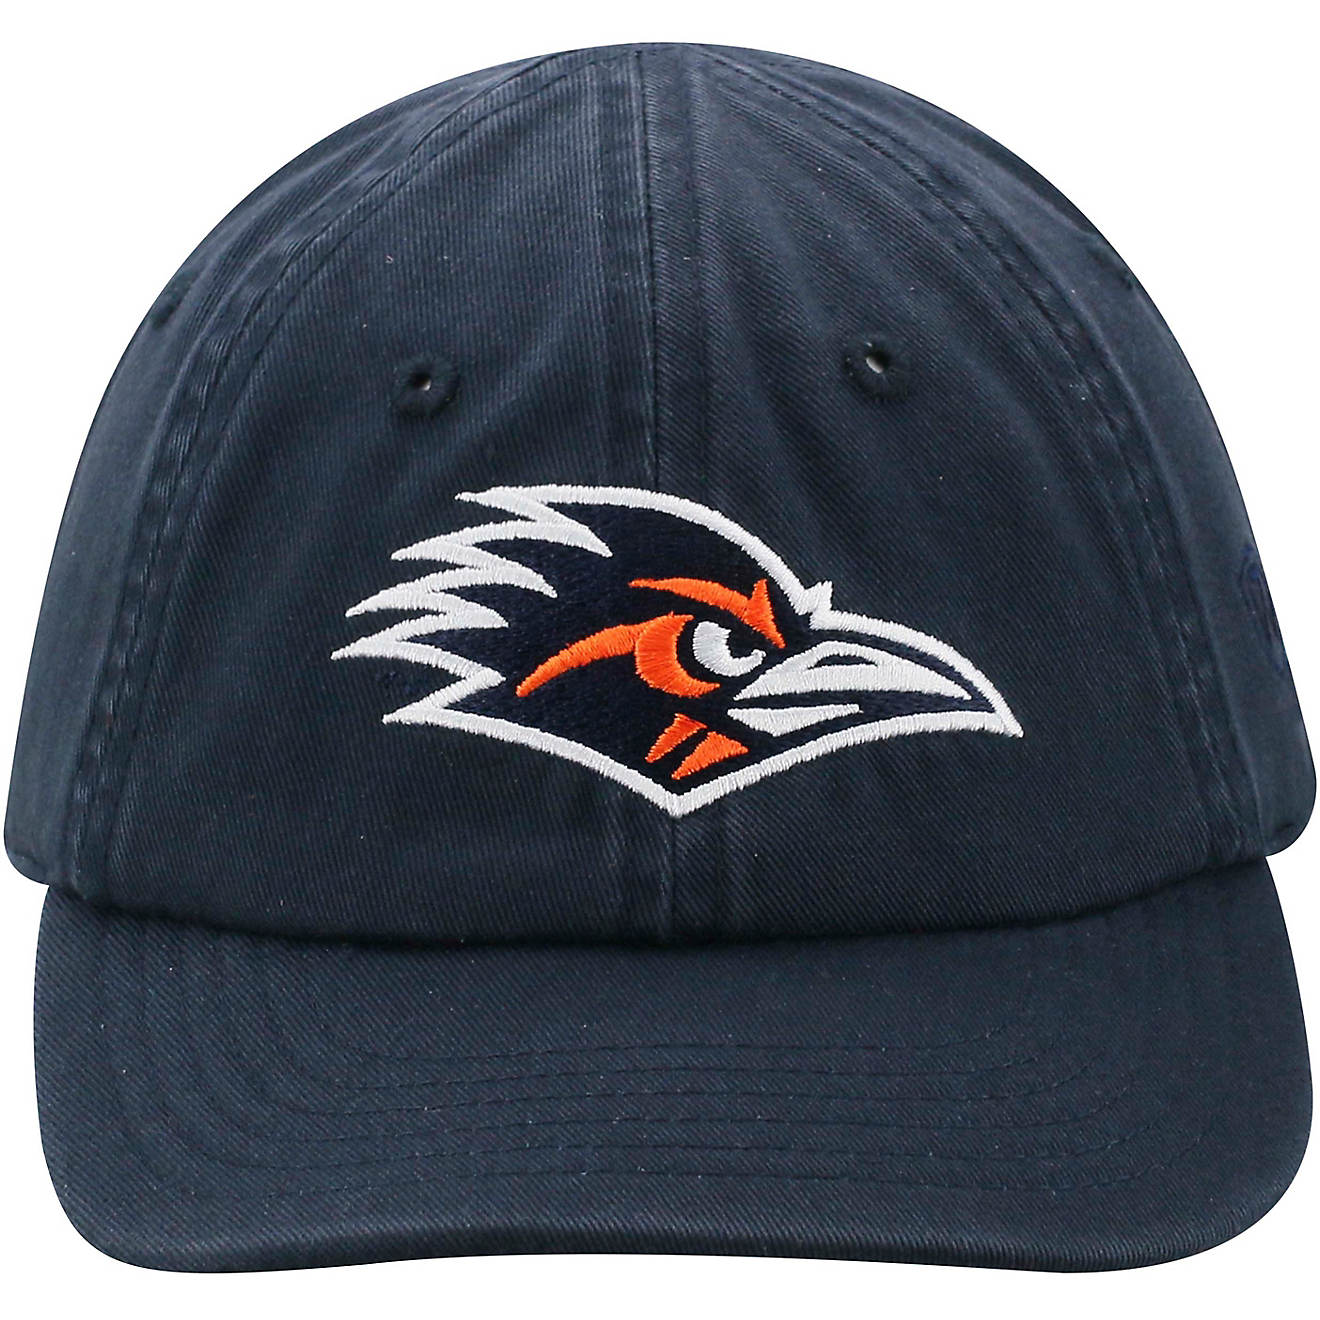 Top of the World Infants' University of Texas at San Antonio Mini Me Adjustable Cap                                              - view number 1
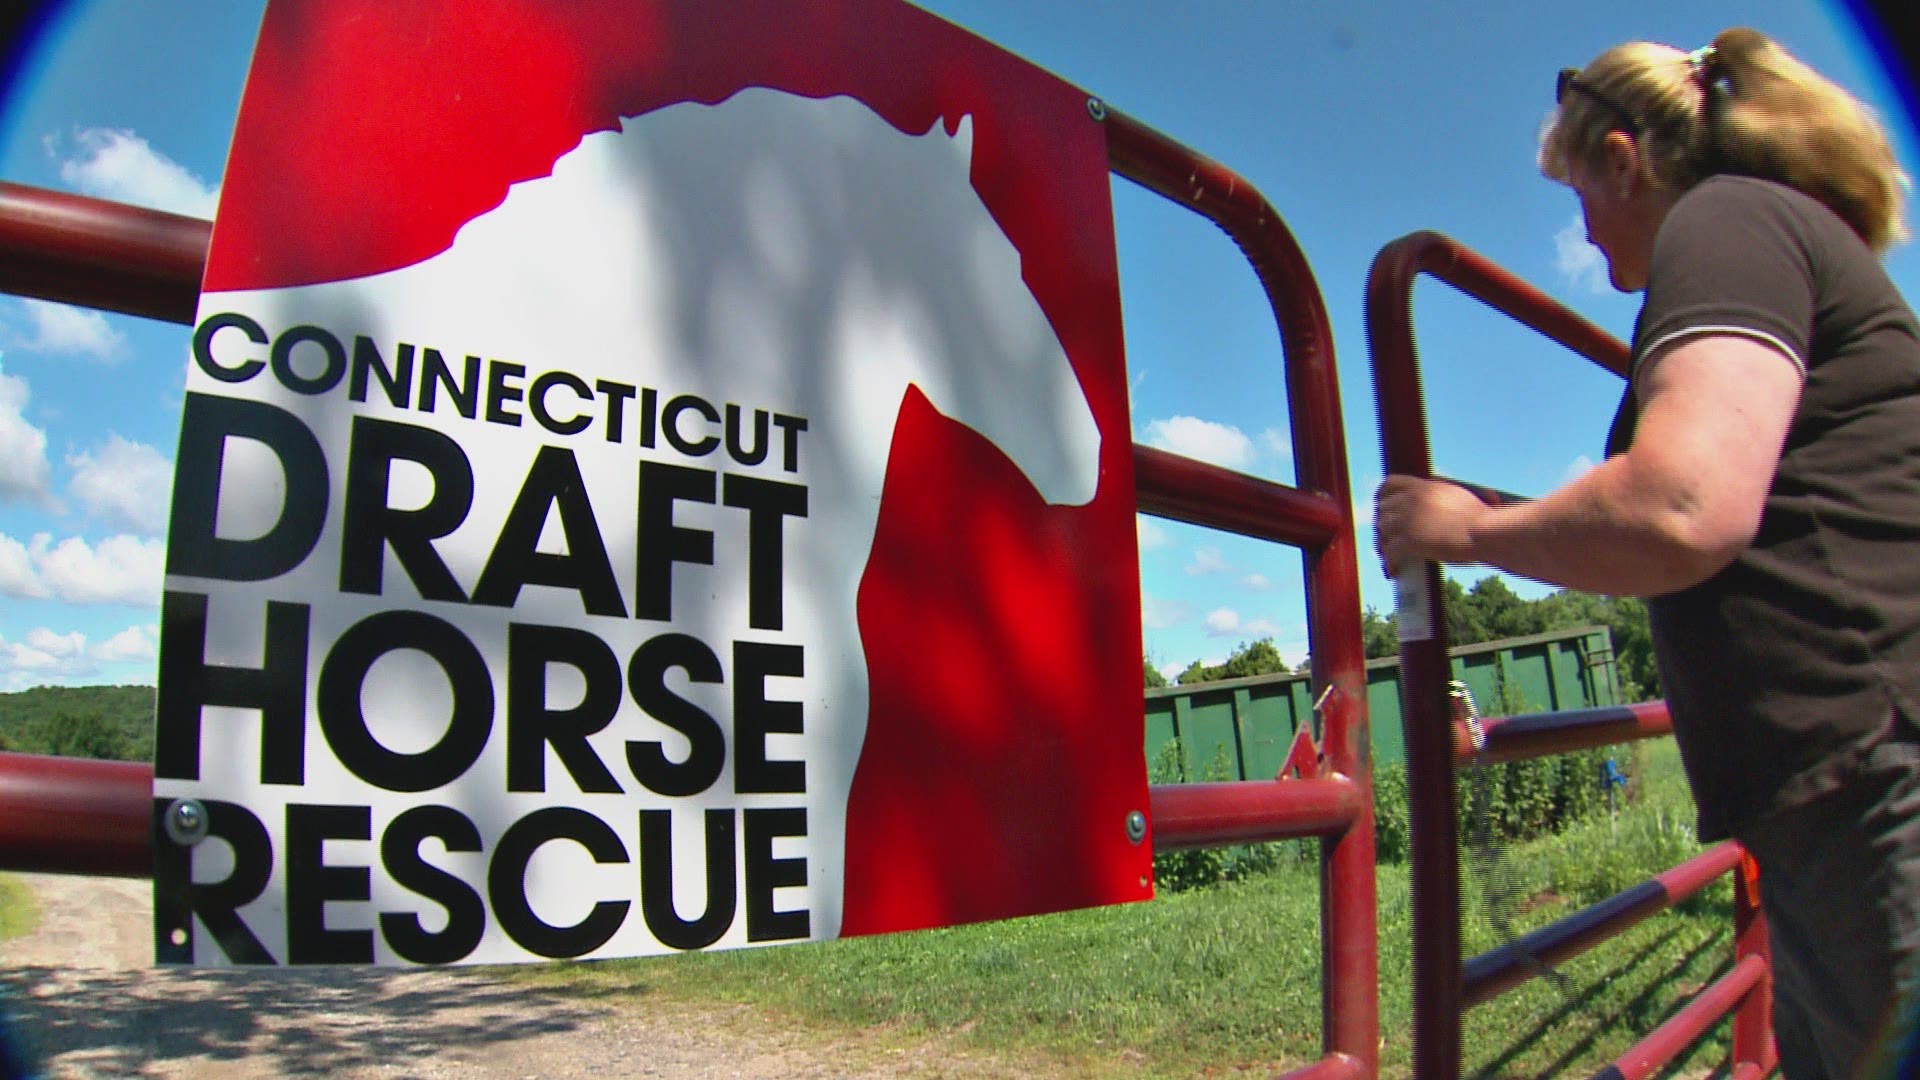 During the pandemic, people have more time on their hands and, as a result, more people have signed up to volunteer at the Draft Horse Rescue.
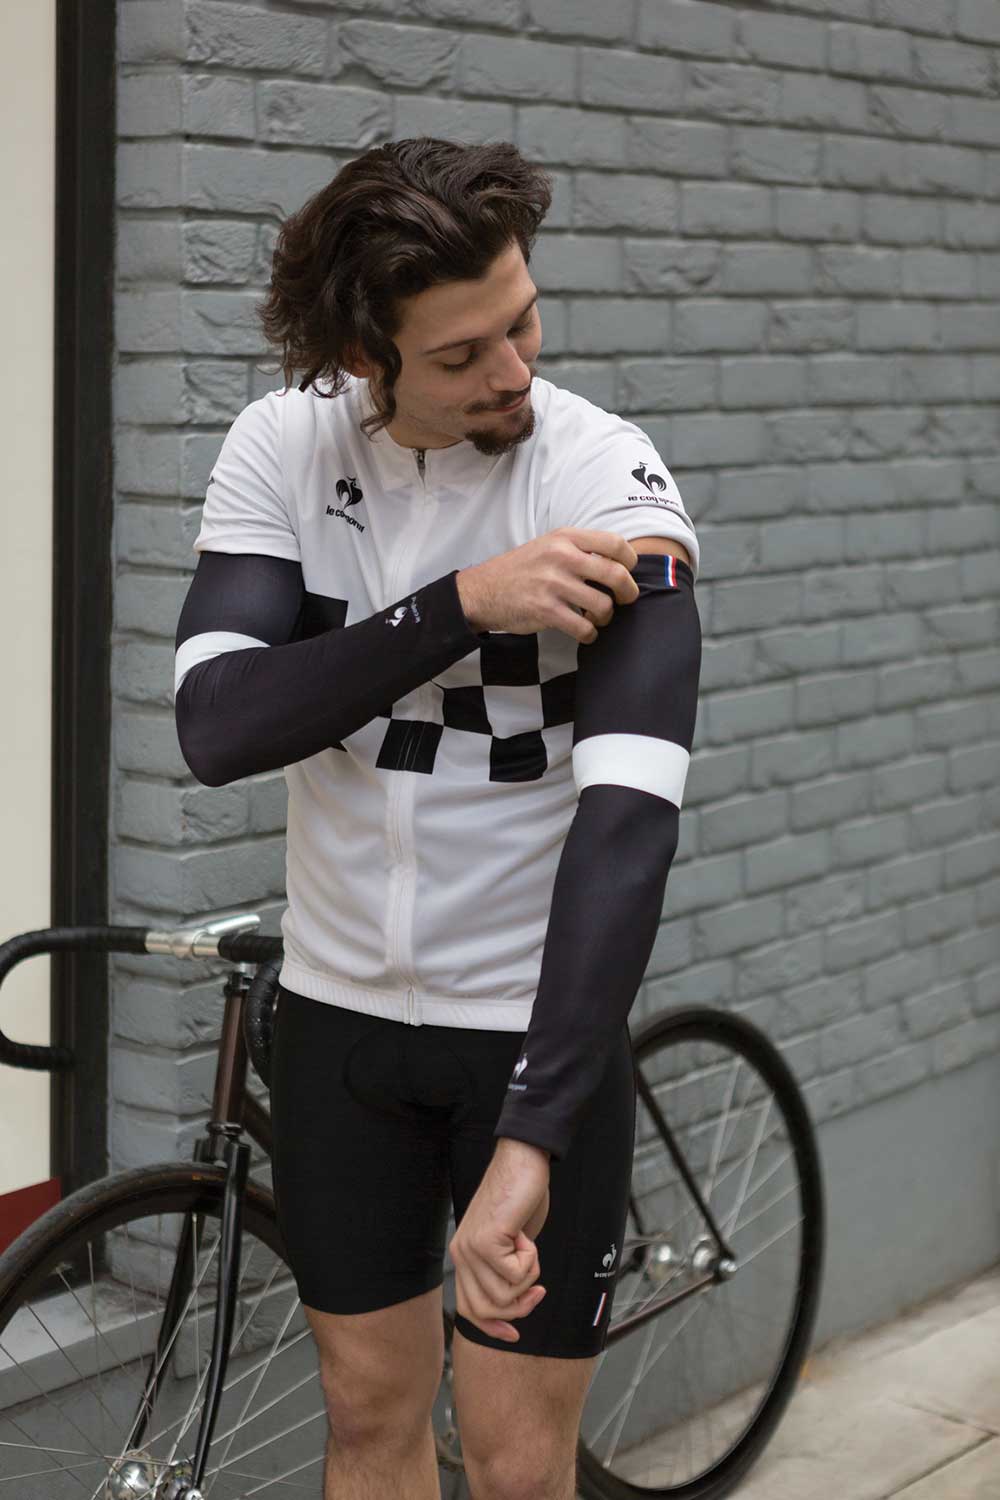 le-coq-sportif-cycling-performance-day-x-night-image-7
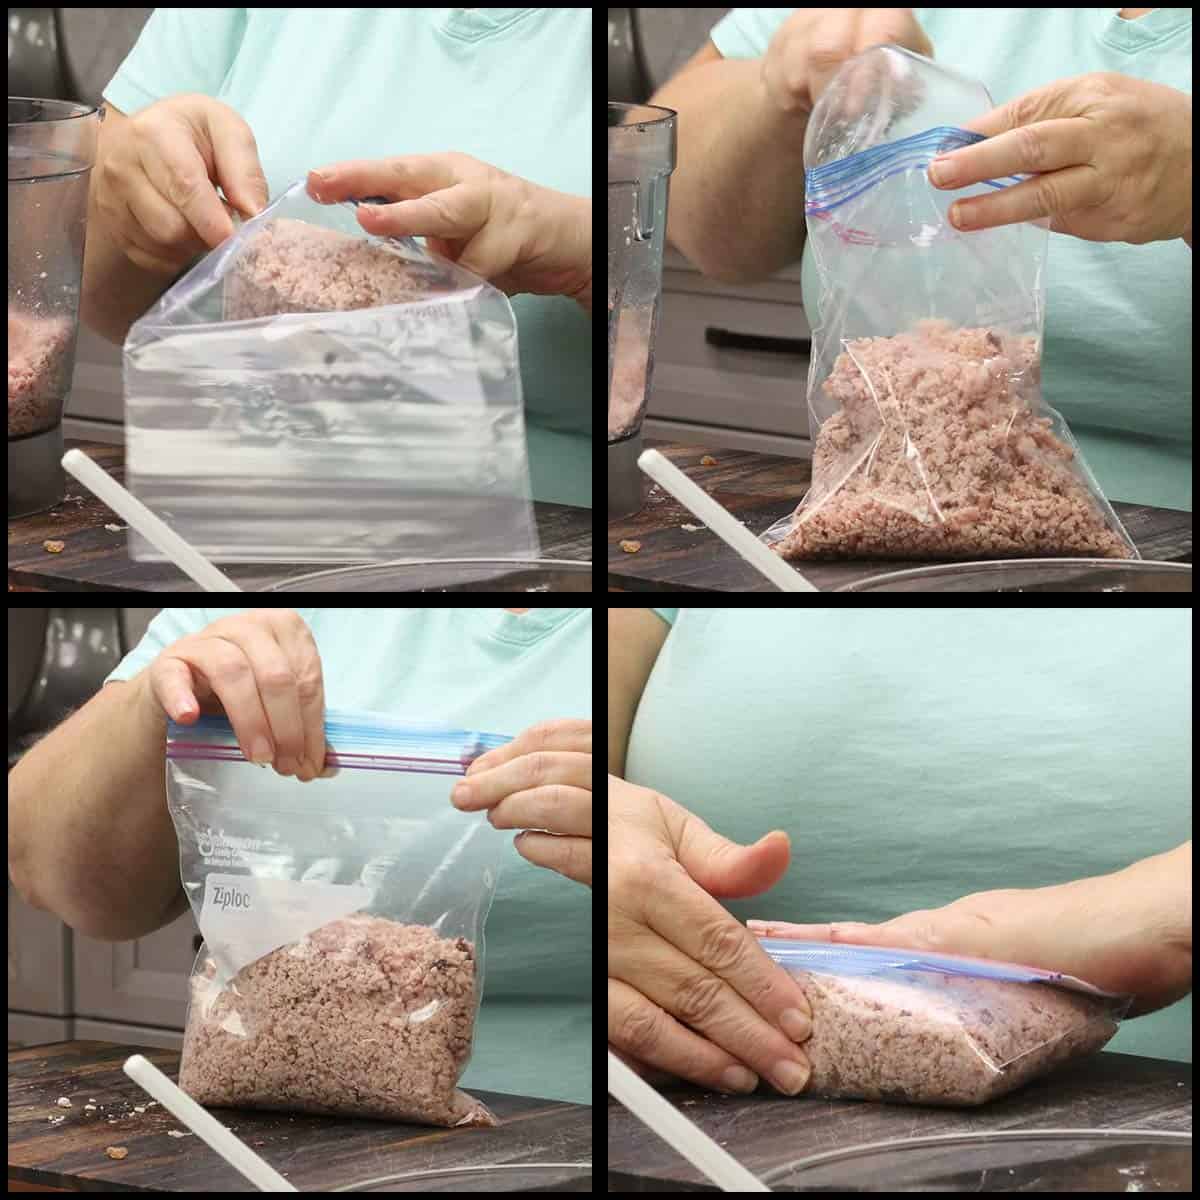 packaging up the chopped ham to freeze.

----

* **TASK DIRECTIONS**
Since pictures are not part of the copy, set down only the remaining data exactly.

* **THE ANSWER**
 Top of the World Infants' University of Texas at San Antonio Mini Me Adjustable Cap                                              - view number 1
 During the pandemic, people have more time on their hands and, as a result, more people have signed up to volunteer at the Draft Horse Rescue.
 le-coq-sportif-cycling-performance-day-x-night-image-7
 packaging up the chopped ham to freeze.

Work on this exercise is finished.